A man who describes himself as mixed race poses for a studio-style photo against a light gray background. He's got shoulder-length black hair and is smiling wide, in a blue collared shirt with his arms crossed, holding a microphone. He has "sleeve" tattoos visible because his shirt cuffs are rolled up just a bit. He holds a microphone in one hand.
Photographer and filmmaker Kip Fulbeck. (Courtesy Kip Fulbeck)

And then in school, Fulbeck said, “I was the only Asian kid. And so I had no real cultural footing.” He remembers being bullied for being Chinese, when the Chinese community didn’t seem to accept him either.

That created a sense of isolation, and for Fulbeck, not even his family could relate to his experience.

“When you’re mixed, your parents don’t get to tell you what it was like. They don’t get to say, ‘When I was a kid, it was like this,’ because they don’t know,” he said.

Fulbeck said he struggled as a kid whenever he was asked to fill out a form detailing his race.
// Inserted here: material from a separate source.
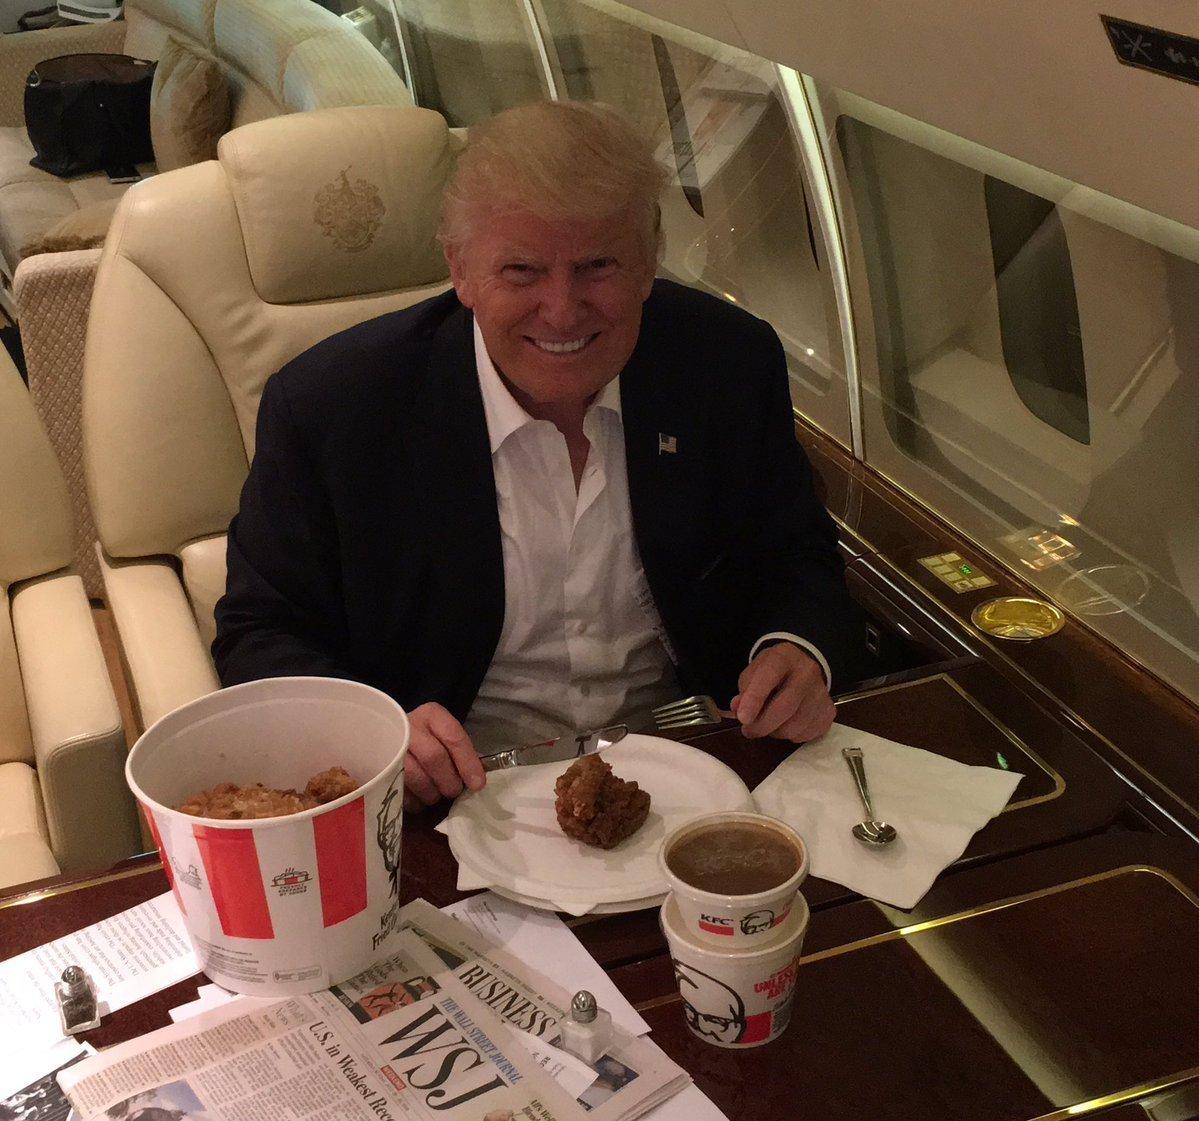 The Way Donald Trump Eats KFC Is A Total

Back then, those forms didn’t let you choose more than one racial background.

“You get that questionnaire, the ‘check one box,’ which is ridiculous,” said Fulbeck. “[For] a 7-year-old to have to pick Mom or Dad is not a fair question. I remember being a little kid thinking like, ‘Well, do I love my dad today or my mom?’”
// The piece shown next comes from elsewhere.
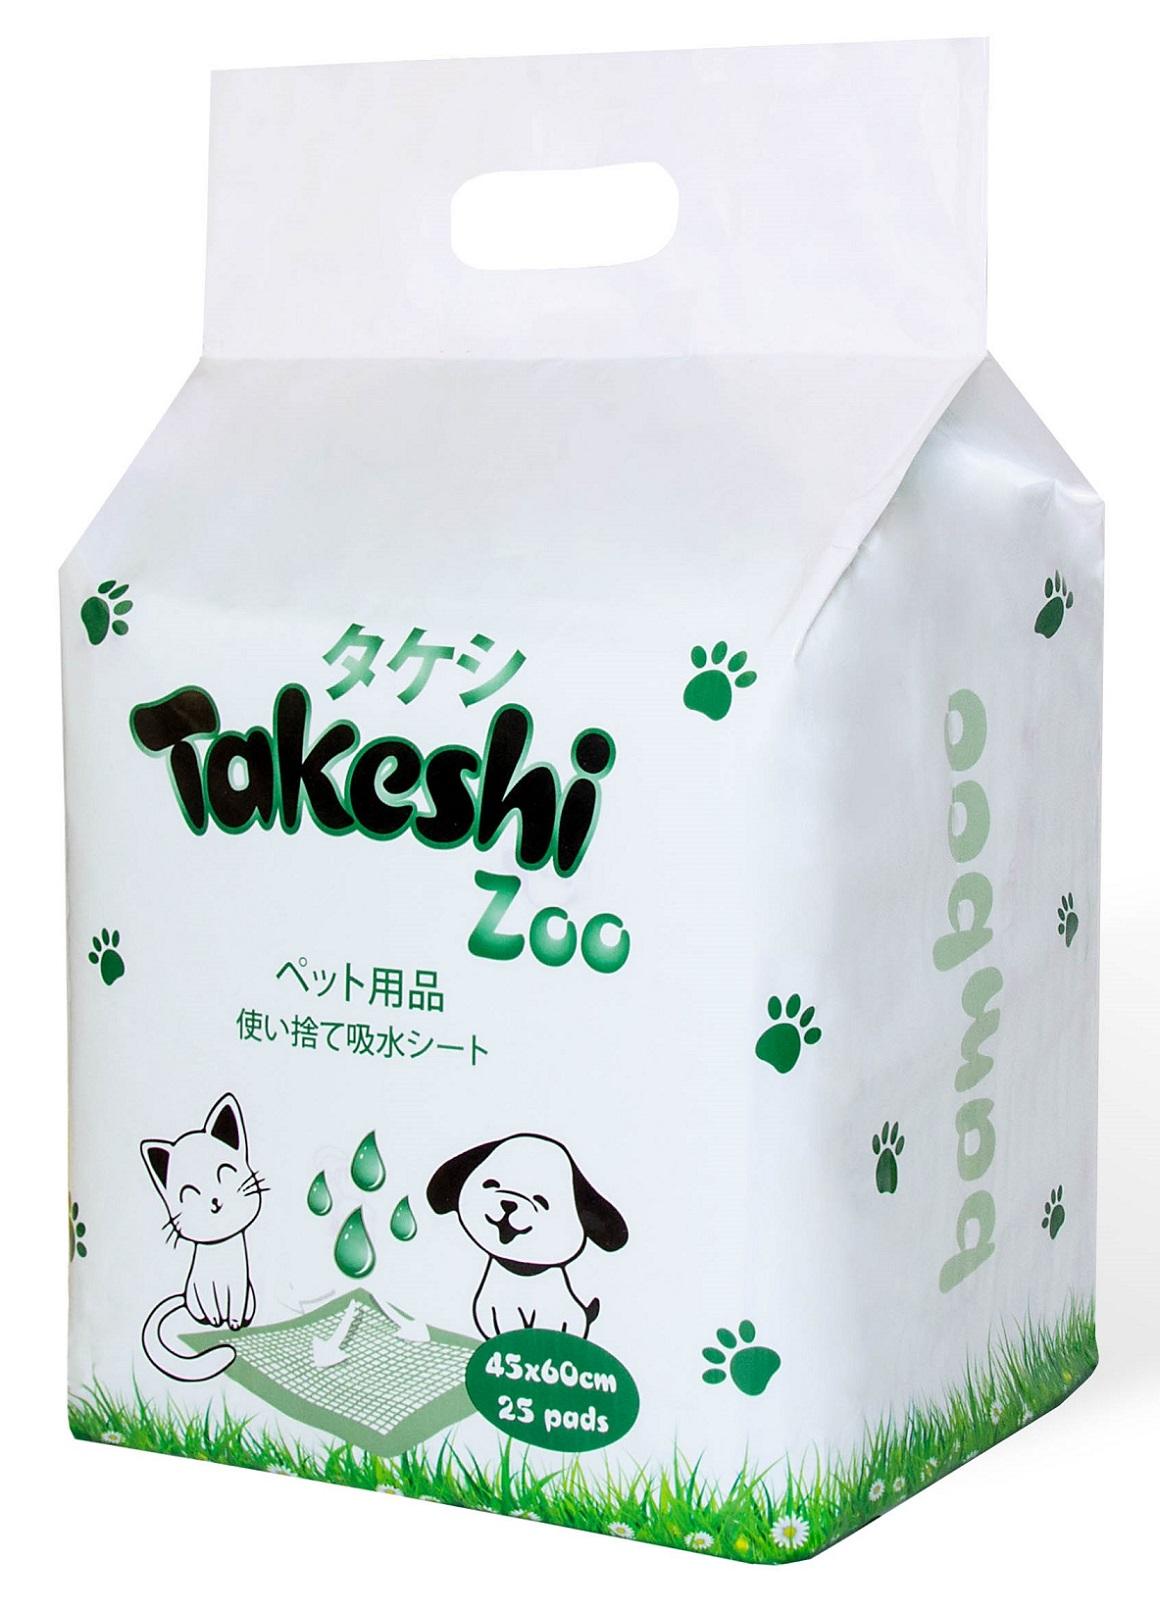 Пеленки для животных Takeshi Zoo Bamboo, гелевые

That isolation helped spark his portrait series, “The Hapa Project,” where Fulbeck photographed mixed-race people and let them define who they are with a handwritten caption authored by each photo subject. Hapa is a Hawaiian word for “part.” It’s used in Hawaii to describe people who are part Asian or Pacific Islander, though since Fulbeck first debuted his project in 2001, there’s been heated debate over whether the term should be used more generally to define mixed-race people.
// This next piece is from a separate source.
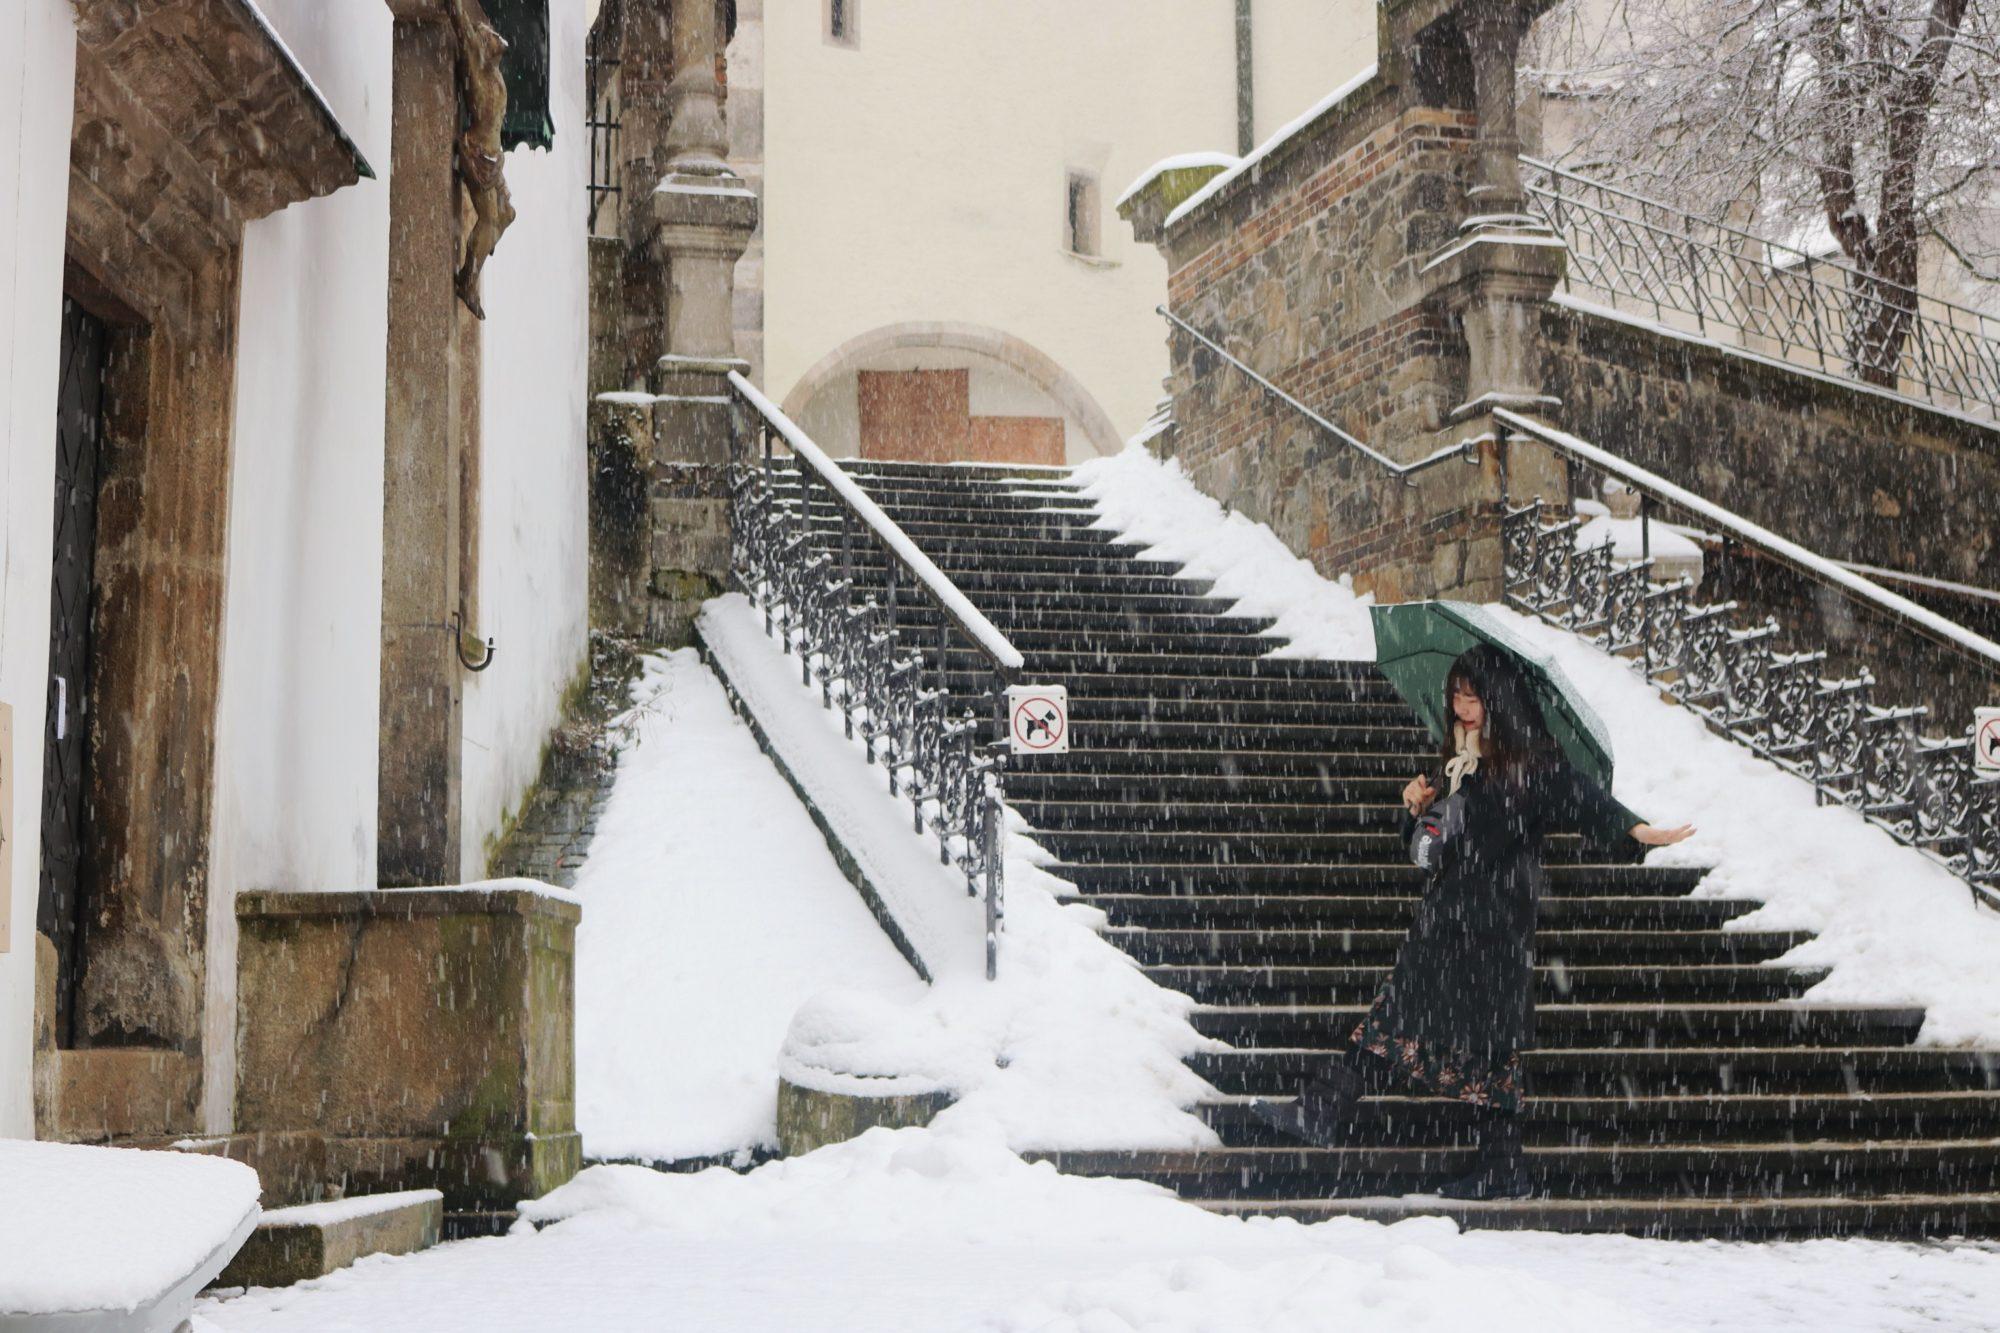 Český Krumlov, Winter Wonderlands To Visit

Two portraits of the same shirtless woman taken from the collarbone up. On the left, her hair is long and black, reaching past her shoulders. On the right, 15 years later, her hair is shorter and just below her ears. Her hair is wavy in both.
Each participant in “The Hapa Project” could write a caption about themselves in their own handwriting, in response to the question “What are you?” Artist Kip Fulbeck revisited those same subjects 15 years later for an update on how their perspectives on their identities had changed. (Courtesy Kip Fulbeck)

Traveling around the U.S. for The Hapa Project, Fulbeck found that mixed-race people were eager to write their own stories.

“No one gets to tell you who you are,” Fulbeck said. “And people, if you don’t define yourself, people define you and they don’t do a good job of it and it doesn’t really work. So I always say it’s kind of your responsibility.”


In the years Fulbeck has undertaken this work, mixed-race people — and the idea of mixed-race identity — have become more visible in America.

In January, Kamala Harris became the first Black person and first Asian American to be sworn in as vice president. And according to data from the latest U.S. Census, California saw a 217.3% increase in people who identify with two or more races from 2010 to 2020.

But as a kid in the 1970s, Fulbeck had to turn to fictional characters to see himself reflected.

“The funny one that sticks out to me as a child was ‘Star Trek,’ the original series,” said Fulbeck. “They always took Spock and would say, ‘Are you human or Vulcan?’ and he would say, ‘I’m both.’ I remember being a kid going, ‘I get that.’”

Two portraits of a shirtless woman from her collarbone up. On the left she sports frizzy dark brown hair that has volume. In the right photo, taken 15 years later, her hair is white and close-cropped. She's smiling in both photos.

Fulbeck said mixed-race people are often left out of — or not fully let into — their own communities.

“People are defining you according to this boundary, that you have to be ‘this much’ this,” said Fulbeck. “You have to speak this language. You have to take off your shoes, whatever it is. It’s like if you’re going to go off those definitions, then you’re going to be in a world of hurt. You have to find your own way to define yourself.”